Comment 5 Sofer Athlan-Guyot 2017-03-16 18:46:24 UTC

Hi,

so we have a confirmation that the command that look into the the seq
number for starting galera took 1h12 (from log[5] above).

To check what is happening there, could you run those commands on oscar1ctr03 as root:

Stop galera on oscar1ctr03 node: (the cluster will still be
functional)

    pcs resource ban --wait galera overcloud-oscar1ctr03

Execute the command that took 1h12 in the failed update attempt:

    nohup mysqld_safe --wsrep-recover --pid-file=/var/run/mysql/mysqld.pid > /tmp/mysqld_safe_run-$(hostname).log

You should have this kind of output and the command should last
less than a minute:

    170316 18:20:55 mysqld_safe Logging to '/var/log/mariadb/mariadb.log'.
    /bin/mysqld_safe: line 755: ulimit: -1: invalid option
    ulimit: usage: ulimit [-SHacdefilmnpqrstuvx] [limit]
    170316 18:20:55 mysqld_safe Starting mysqld daemon with databases from /var/lib/mysql
    170316 18:20:55 mysqld_safe WSREP: Running position recovery with --log_error='/var/lib/mysql/wsrep_recovery.c15tD9' --pid-file='/var/lib/mysql/overcloud-controller-0-recover.pid'
    170316 18:20:58 mysqld_safe WSREP: Recovered position ea7c7d3e-0a42-11e7-adbd-b3c69a709c8a:46938
    170316 18:21:01 mysqld_safe mysqld from pid file /var/run/mysql/mysqld.pid ended

This is the command that tooks 1h12 during the failed update so we
expect to have some log of what is happening there. It does nothing
beside reading the recovery position and after it, the mysql daemon
will be stopped.

To put the galera cluster back:

    pcs resource clear galera --wait

For the moment we cannot tell why the command tooks so long.  During
it, the mysqld process is started, the database files are opened but
beside that nothing really happen.  The usual suspect would be disk
error, but I cannot see anything in dmesg[1], and swap.

For swap it's interesting to see:
- the swap is a file in /root/tmp-swapfile of 9GB, which is
  half full[2]
- mongodb is eating 14GB [3]

So let's see how long is taking the command and send back the
/tmp/mysqld_safe_run-$(hostname).log so that we can debug further.

[1] sosreport-20170310-122136/overcloud-oscar1ctr03.localdomain/sos_commands/kernel/dmesg
[2] sosreport-20170310-122136/overcloud-oscar1ctr03.localdomain/sos_commands/memory/swapon_--bytes_--show
[3] sort -rn -k11,11 sosreport-20170310-122136/overcloud-oscar1ctr03.localdomain/sos_commands/process/ps_axo_flags_state_uid_pid_ppid_pgid_sid_cls_pri_addr_sz_wchan_stime_tty_time_cmd  | head

Thanks to Michele and Damien for their help so far.

Regards,

Comment 17 Sofer Athlan-Guyot 2017-03-24 09:19:49 UTC

Hi Ondrej,

hum the last output look a like the on you put in comment 15 but only shorter.  Am it missing something ?

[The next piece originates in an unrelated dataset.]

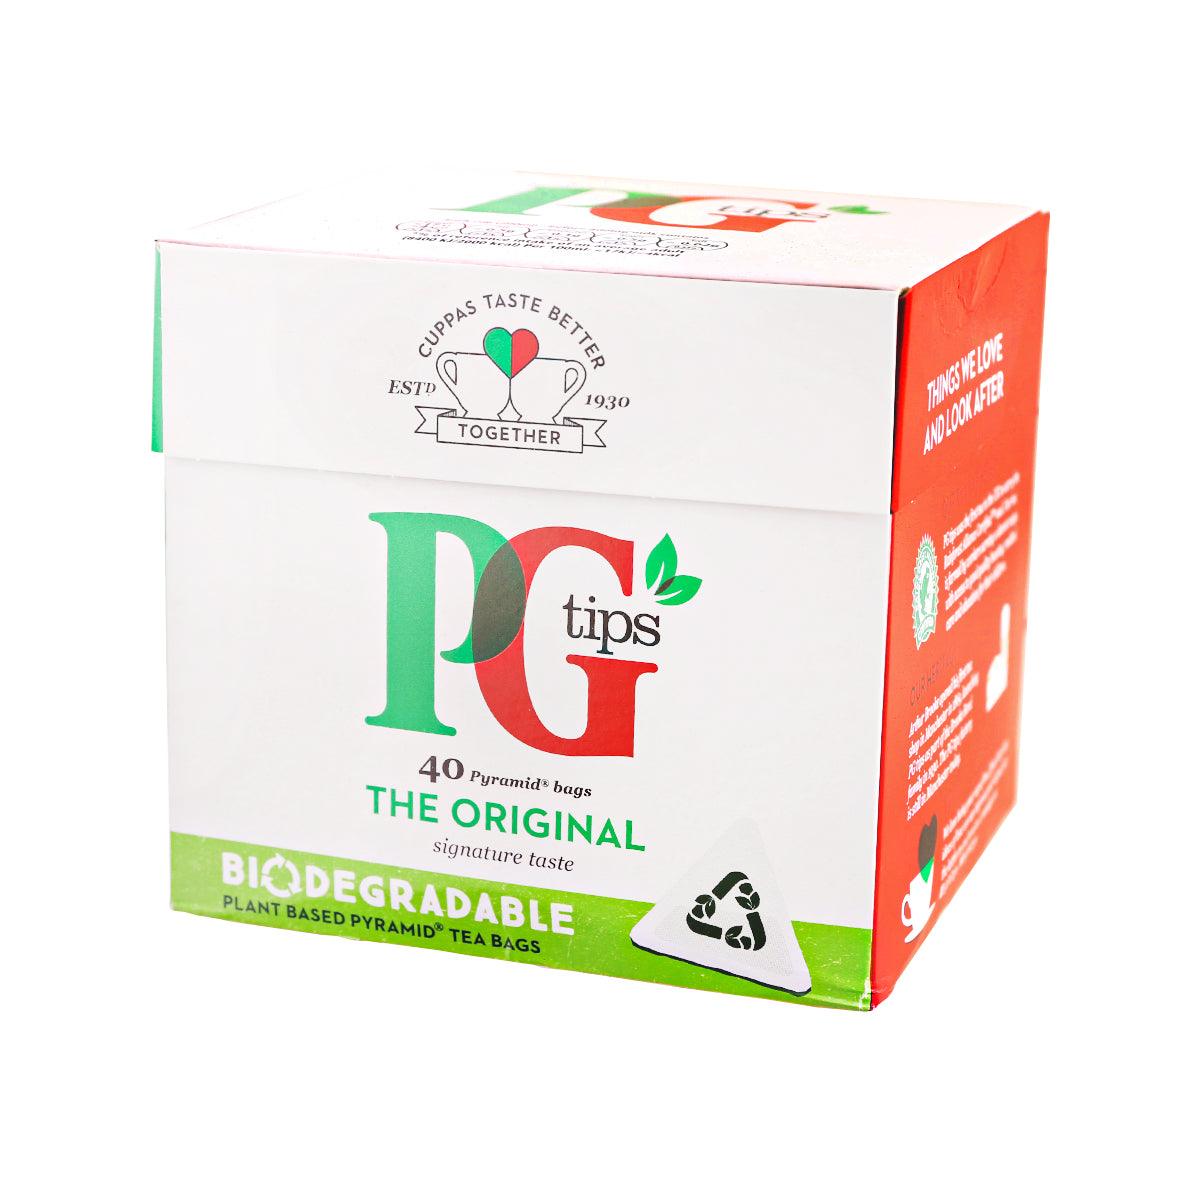 PG Tips Catering One Cup Pyramid Tea Bags (1100 Pack) | Turner Price

If the one from comment 15 is the right one, we can see here that the command didn't take 1h to complete.  I've checked and the only network related execution that happen during this command is binding to port 3306 when the mysql server is started.

Can we investigate as why the promotion is not working.  The files  /var/log/mysqld.log and /var/log/mariadb/mariadb.log and the output of


    journalctl -t 'galera(galera)' -t rsyncd 


would help here as a starter.

Thanks,

Comment 21 Ondrej 2017-03-27 10:52:21 UTC

Created attachment 1266594 [details]
journalctl -t 'galera(galera)' -t rsyncd